For the lower bound take a path of three edges $P_3$. If the algorithm considers the middle edge first, it gets a matching of size one, meanwhile the matching consisting of the first and last edges has size two.
For the second part, note that the algorithm provided in the question yields an (inclusionwise) maximal matching, in the sence, that you cannot add more edges to the matching in such a way that it stays a matching. So it suffices to prove that any maximal matching in a graph is at least half as big as the maximum matching in this graph.

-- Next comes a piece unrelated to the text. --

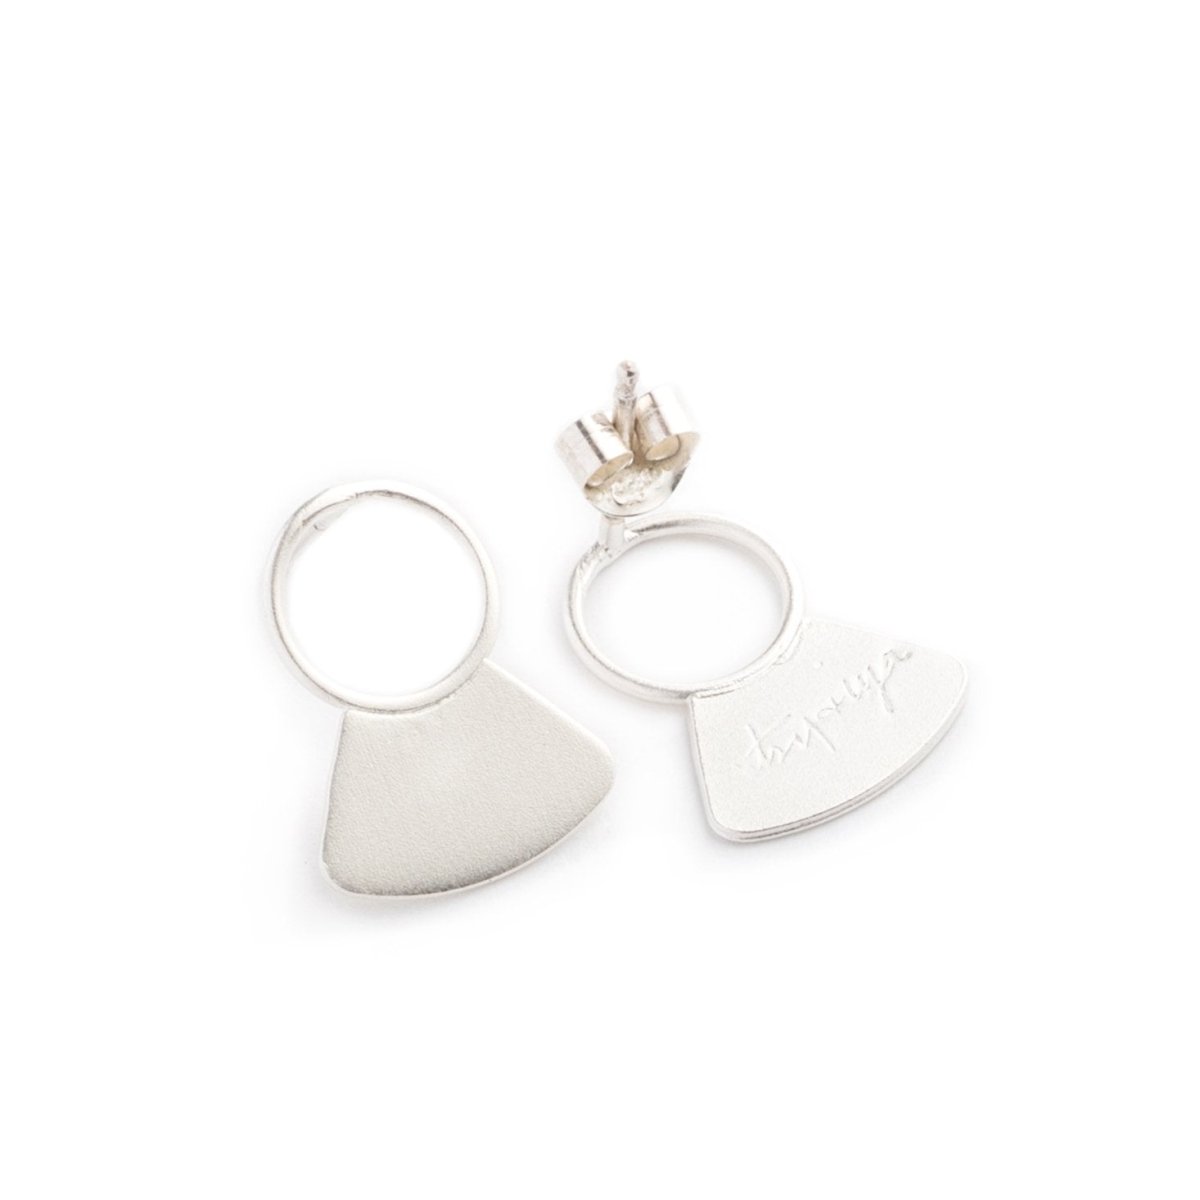 Small, sterling silver studs, featuring a delicate, open circle with a solid fan shape at the base, sterling silver earring posts and backings, and the betsy & iya logo etched on the back of the studs. Hand-crafted in Portland, Oregon.

To prove this, we use notion of vertex cover. A vertex cover is a set of vertices that is incident to all edges in the graph. Note that if a graph $G$ has a matching of size $k$, then the smallest vertex cover of the graph must have size at lest $k$, since these edges do not share endpoints and we need to choose one endpoint of each such edge in the matching. So the vertex cover number of a graph $\nu(G)$ (the smallest size of a vertex cover) is at least the matching number $\mu(G)$ of this graph (the size of a maximum matching).
On the other hand, note that for a maximal matching $M$, the set $S$ containing both endpoints of each edge in $M$ is a vertex cover, since otherwise, there must exist an edge with both endpoints not in $S$, but such an edge can be added to $M$ to get a larger matching which contradicts the assumption that $M$ is maximal. Hence $2|M| \geq |S| \geq |\nu(G)|\geq |\mu(G)|$.